LEARNING TO PRAY A REFRESHING PRAYER—Day 2 (Tuesday)
- Jul 12, 2022
- 2 min read

Psalm 39:6-13
Surely every man walks about like a shadow; surely they busy themselves in vain; He heaps up riches, and does not know who will gather them. “And now, Lord, what do I wait for? My hope is in You. Deliver me from all my transgressions; do not make me the reproach of the foolish. I was mute, I did not open my mouth, because it was You who did it. Remove Your plague from me; I am consumed by the blow of Your hand. When with rebukes You correct man for iniquity, You make his beauty melt away like a moth; surely every man is vapor. Selah
“Hear my prayer, O Lord, and give ear to my cry; do not be silent at my tears; for I am a stranger with You, a sojourner, as all my fathers were. Remove Your gaze from me, that I may regain strength, before I go away and am no more.”
I’m always waiting for something. Perhaps it’s the next change in my life, or what’s around the corner. I think the grass is greener on the other side of the fence, so shouldn’t I jump over it to find out?

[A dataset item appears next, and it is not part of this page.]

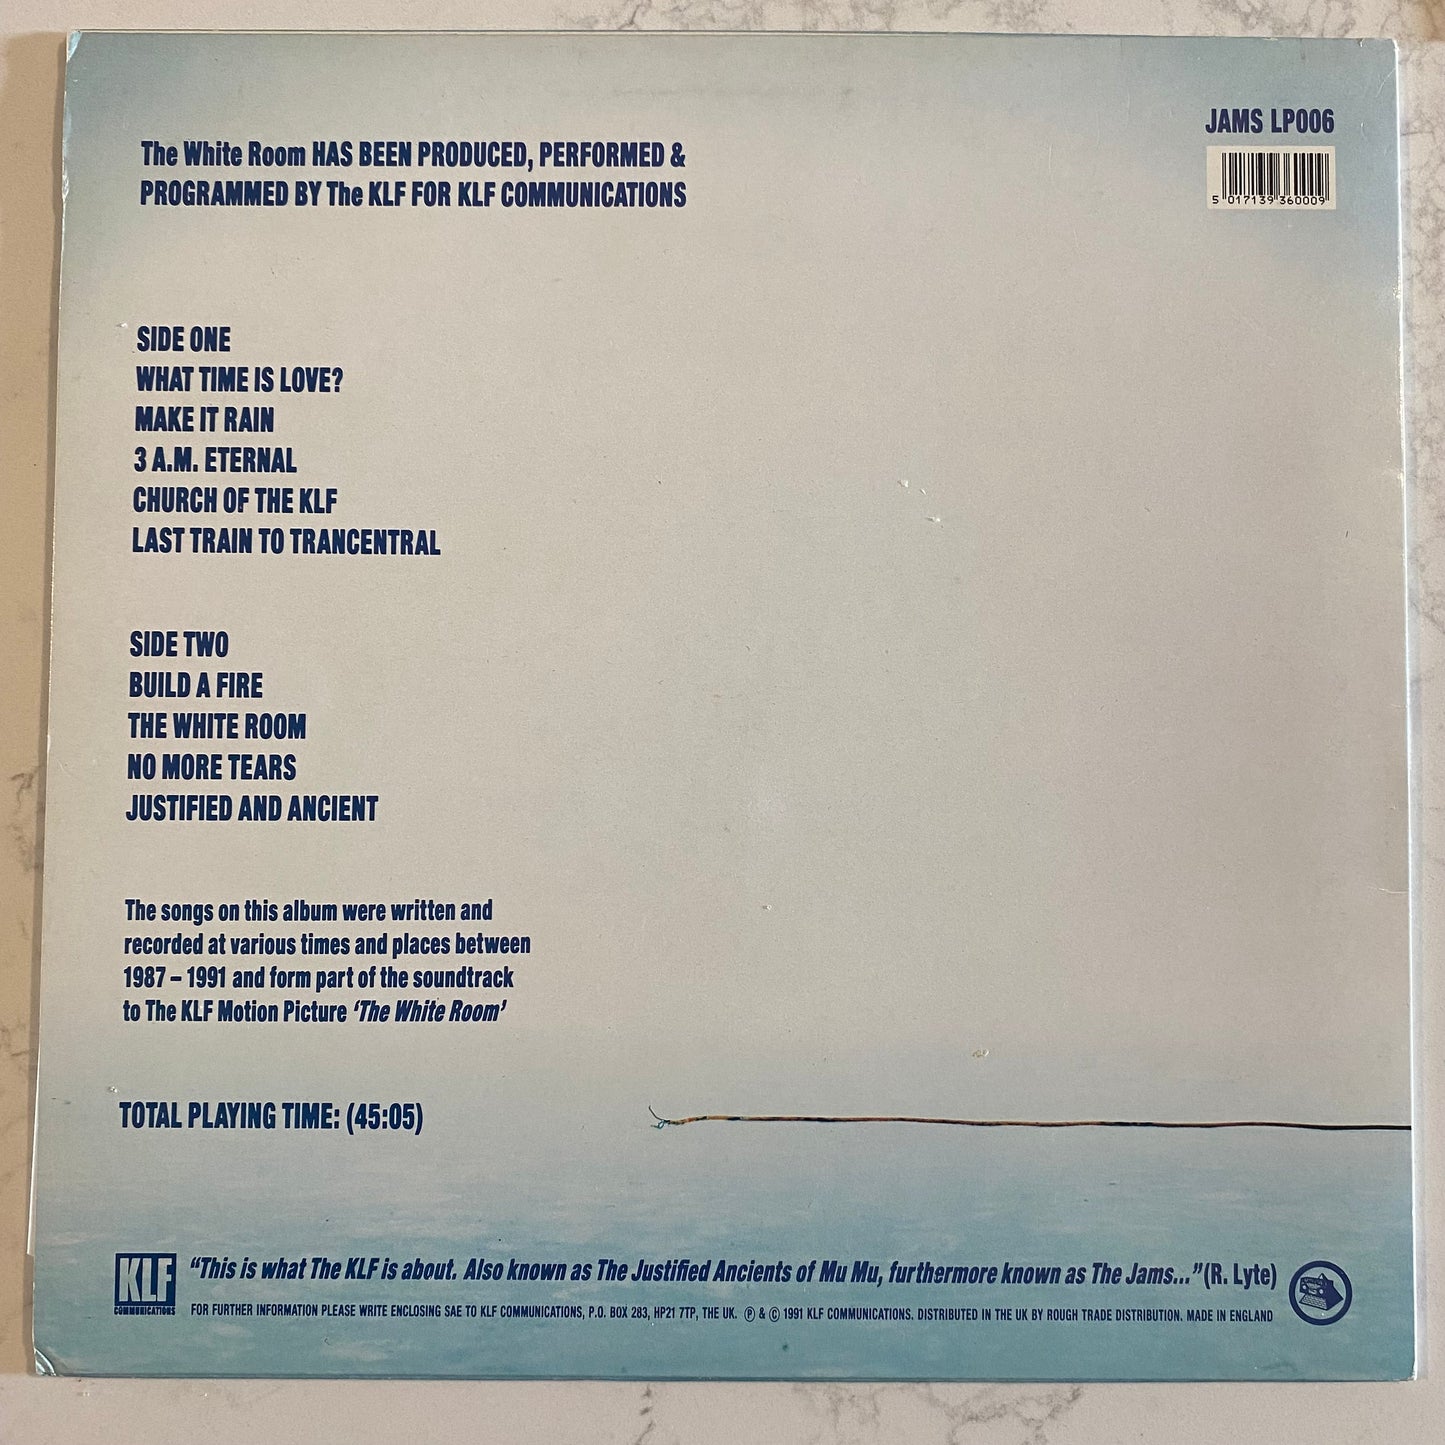 The KLF - The White Room (LP, Album) (L)

I wish to be delivered from my transgressions, but do I recognize them all? Anytime I jump ahead of God’s will, I sin. I might be heading in the direction He wants, but it may not be in His timing. How do I know if the timing is within His will?
If I do something against God’s will, I know He will show me. And when He rebukes me, I am consumed by it. I review the path of my actions and discover the point at which I left His path and started following my own.
THINK ABOUT THESE THINGS: God is my Divine Doctor; I go to Him when I have a splinter. It hurts to have it in my flesh, and I know it will hurt when He pulls it out. Ultimately, I know it must be removed in order to for me to heal and regain strength.
Yet, I dwell on the plague or the wound in my flesh. The pain grows as He applies discipline with His hand. I’m consumed not only with the pain, but with the very fact that I disappointed Him with my actions in the first place. I’m also ashamed of my actions, so I ask Him to remove His gaze.
I used to be a stranger and a sojourner to Him, but now I know I’m His child. How do I know? Because He is the One pulling out my splinter, relieving my pain, and correcting my path. Once He rebukes me and corrects my path, I need time for the wound to heal.
Lord, the only reason why I’m not feeling Your gaze is that I’m crying on Your shoulder. Please hold and comfort me while I’m crying. You are not silent during my tears; You continue to comfort me until I get up again to gaze at You. Amen.